You can achieve this by combining `include_patterns` (navigation) with a custom `content_extract_hook` (payload).

```python
async def extract_article(page, response, url):
    # If it's a listing page, return None. 
    # The crawler will still find links, but won't save content/hash for this page.
    if "/category/" in url:
        return None 
    
    # If it's an article, extract the data
    return await page.locator("article.main-content").inner_text()

litecrawl(
    ...,
    include_patterns=[r"/category/", r"/article/"],
    content_extract_hook=extract_article
)
```

### 2. Structured Data & Change Detection

`litecrawl` determines if a page is "fresh" by hashing the return value of your extraction hook. 
*   If you return a **Dictionary**, the crawler automatically sorts the keys and dumps it to JSON before hashing. This ensures deterministic hashes.
*   **Crucial:** Do not include timestamps, random numbers, or ad-rotation IDs in your returned dictionary. These will cause the hash to change on every run, tricking the scheduler into thinking the content is always "fresh," leading to aggressive over-crawling.

```python
async def structured_extract(page, response, url):
    """
    Extracts metadata. Returns a dict.
    """
    return {
        "title": await page.title(),
        "price": await page.locator(".price").inner_text(),
        "stock": await page.locator(".stock-status").inner_text(),
        # "scraped_at": time.time()  <-- WRONG! This breaks change detection.
    }

litecrawl(..., content_extract_hook=structured_extract)
```

### 3. The Downstream Hook

This is where your data leaves the crawler. This hook is called *immediately* after the database is updated. It is the ideal place to push data to Kafka, S3, or an API.

```python
async def push_to_api(content, content_type, url, is_fresh, error_count):
    """
    content: The result from your content_extract_hook (e.g., the dict above)
    is_fresh: True if content hash changed OR new links were found.
    """
    if is_fresh and content:
        payload = {
            "url": url,
            "data": content, # This is the clean dict from step 2
            "crawled_at": time.time() # Add timestamps HERE, not in extraction
        }
        await my_api_client.post("/ingest", json=payload)

litecrawl(..., downstream_hook=push_to_api)
```

### 4. Custom Interaction (Login/Cookies)

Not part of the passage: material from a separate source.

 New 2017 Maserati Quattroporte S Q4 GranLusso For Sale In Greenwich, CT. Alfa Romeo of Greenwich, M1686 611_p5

Use `page_ready_hook` to interact with the page before links or content are touched.

```python
async def handle_popups(page, response, url):
    # Click generic "Accept Cookies" buttons
    try:
        await page.click("#accept-cookies-btn", timeout=2000)
    except:
        pass
        
    # Wait for a specific element to ensure dynamic content loaded
    await page.wait_for_selector(".dynamic-content")

litecrawl(..., page_ready_hook=handle_popups)
```

## Operational Best Practices

1.  **Concurrency:** Keep `n_concurrent` moderate (5-20). SQLite handles concurrency well, but high write contention from hundreds of workers on a single file can lead to locking issues.
2.  **Database Management:** The `sqlite_path` is the only state. Backup this file to back up your crawl frontier.
3.  **Logs:** The tool logs to standard python logging. Redirect stdout/stderr to a file in your cron definition to monitor progress.
4.  **Partitioning:** If you need to crawl 10 distinct websites, it is often better to set up 10 separate cron entries with 10 separate SQLite files rather than one massive monolithic crawl. This isolates failures and simplifies configuration.